第十一章 停电(1 / 1)

唐僧与我 窃书女子 3014 字 3天前

萍萍学姐和老狼学长依旧在实验室里散布着“桃色恐怖”,但我的冷面已经刀枪不入了。

圣诞过后是元旦,元旦过后是期末考试,我在教学楼里自修,可以远远地躲开李清。

寒假前,我只见过他一次——他作为助教来给本科生监考。

大概也只和他说过一次话,就是考试中他提醒我不要忘记写姓名学号。

那场考试我发挥得很好,有点害怕考完了会遇到他,所以还提前交卷了。

然后放寒假,过春节,小洁已经和我和好了,打电话祝我春节快乐。

我们很默契,没有提起李清的事。

再然后,准时回学校报到,收拾东西,领书,开始新的学期。

新学生会主席上台,照旧请我做事,被我骂。

新学弟进实验室,照旧配错试剂,所幸是在实验室被发现的,所以在实验室挨骂。

体育系的家伙吃饭照旧疯狂,而我的黑衣服很多。

红绿灯照旧闪烁,手机照旧没电。

心情照旧——是好还是坏?大概只是回到我遇到李清以前的状况。

“哎,现在的年轻人啊,真是搞不懂。

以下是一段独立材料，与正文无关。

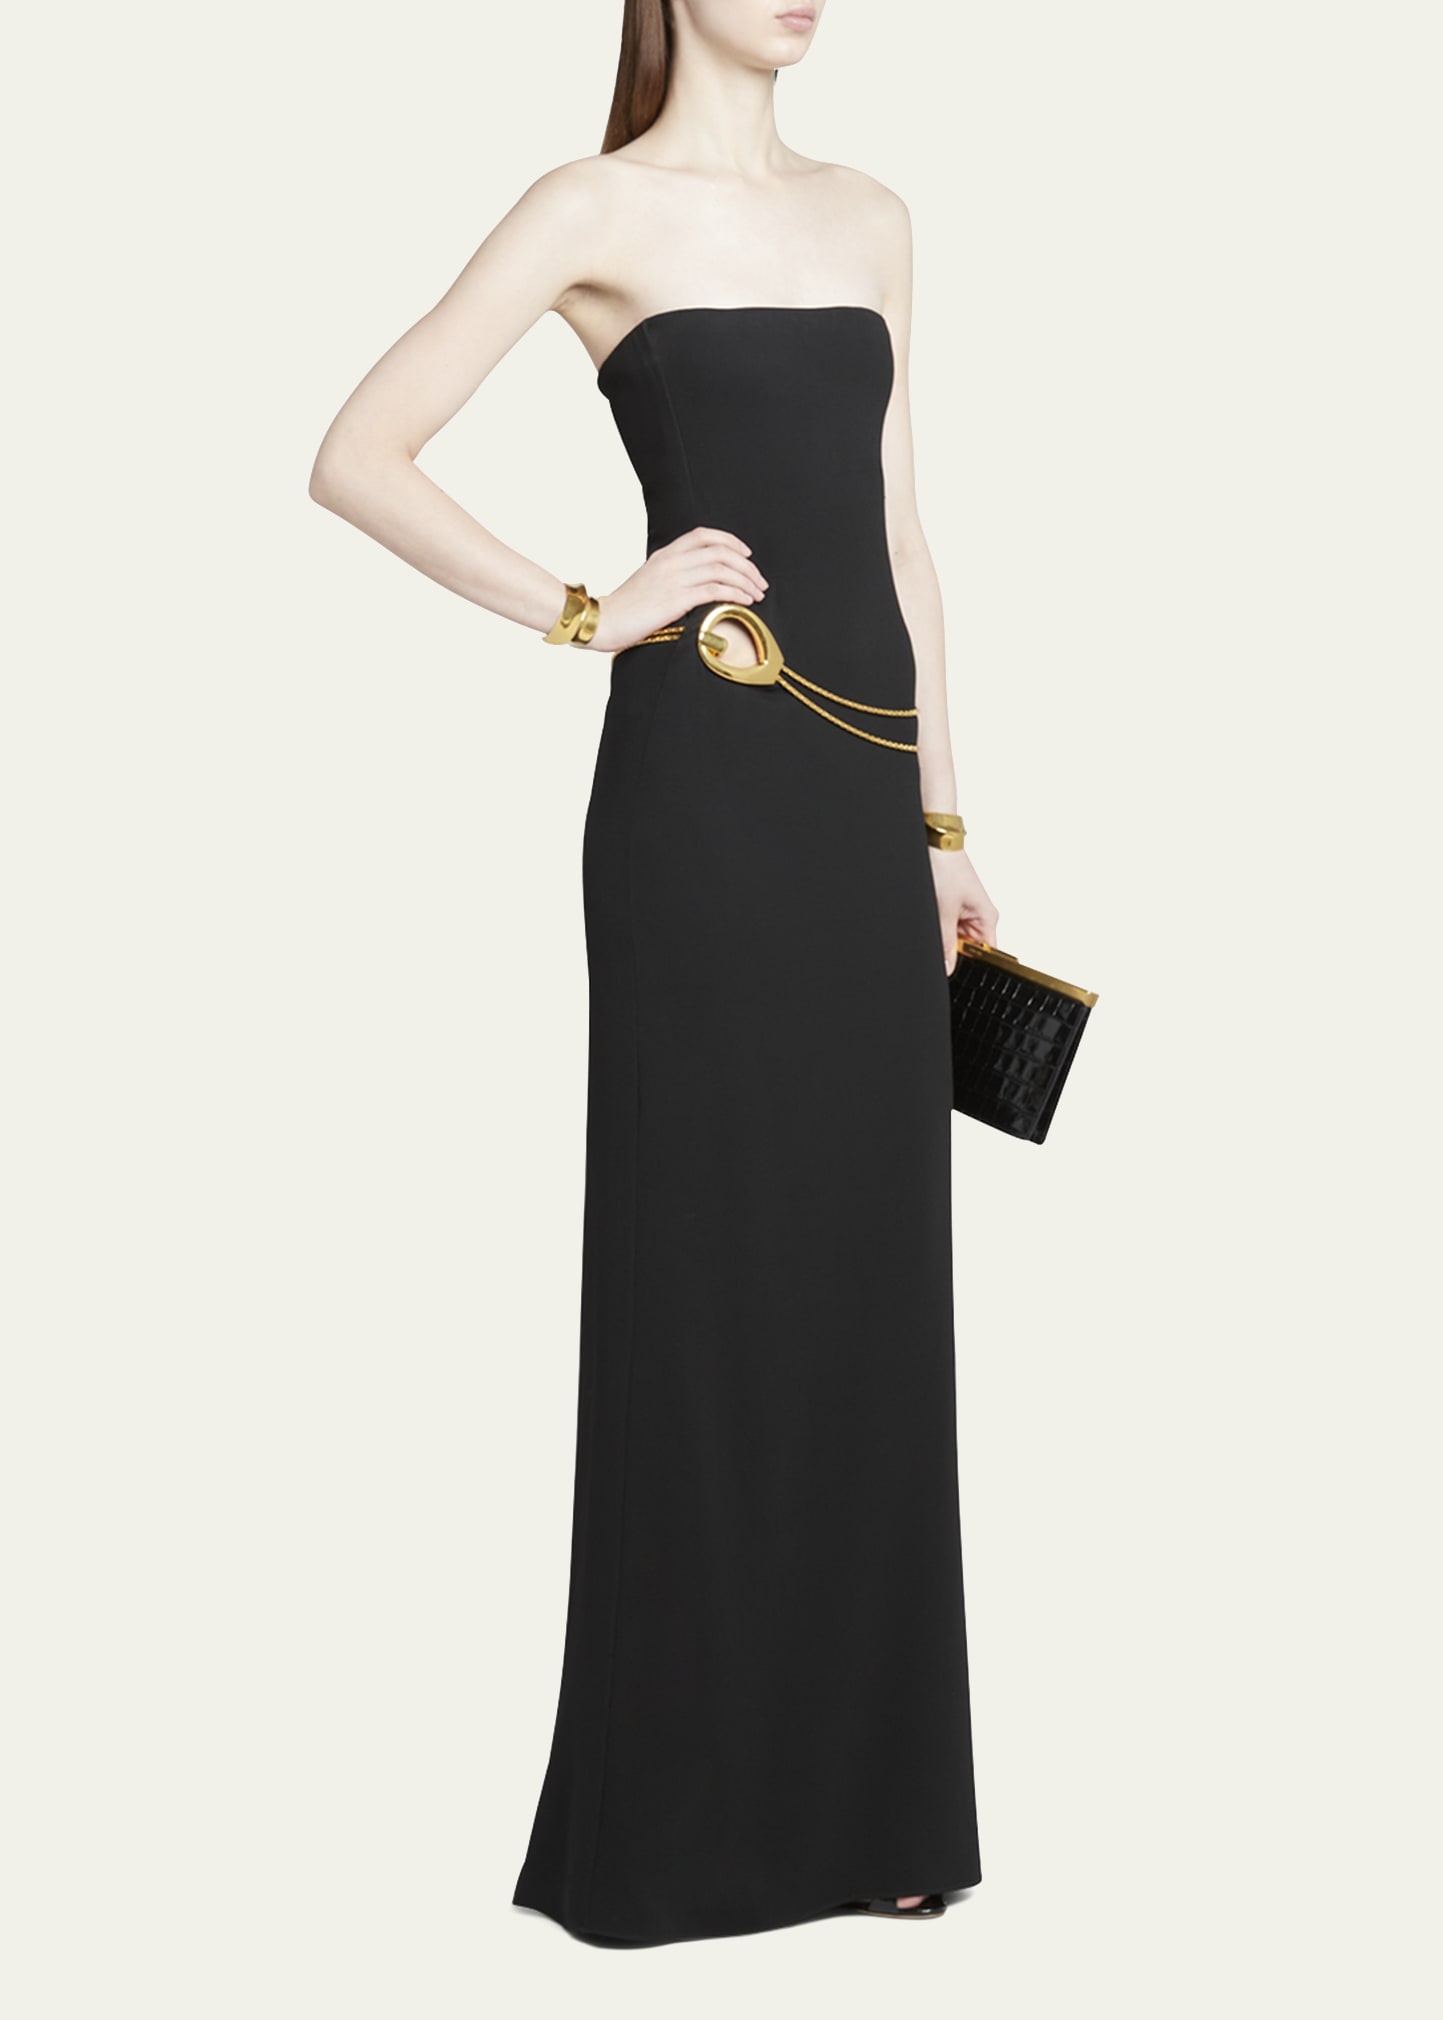 Stretch Sable Strapless Evening Dress with Cutout Detail - 2

”萍萍学姐老气横秋,“现在实验室都好安静啊。”

我专心地做实验,充耳不闻。

“喂,小楠,我和你说话呢!”她叫我,“你到底要闹到什么时候?”

我还是不理她,看了看试剂表,去取10毫升酒精。

李清开门进来了,看到我,说:“手错了——移液管的操作错了。”

李清放下书,又出去了。

我默默改正自己的操作。

萍萍学姐看看我,又看看门:“哎,你们是我和老狼的催化剂呢,怎么搞的,啊?小楠?”

10毫升酒精缓缓地流入锥形瓶中,冰凉的感觉。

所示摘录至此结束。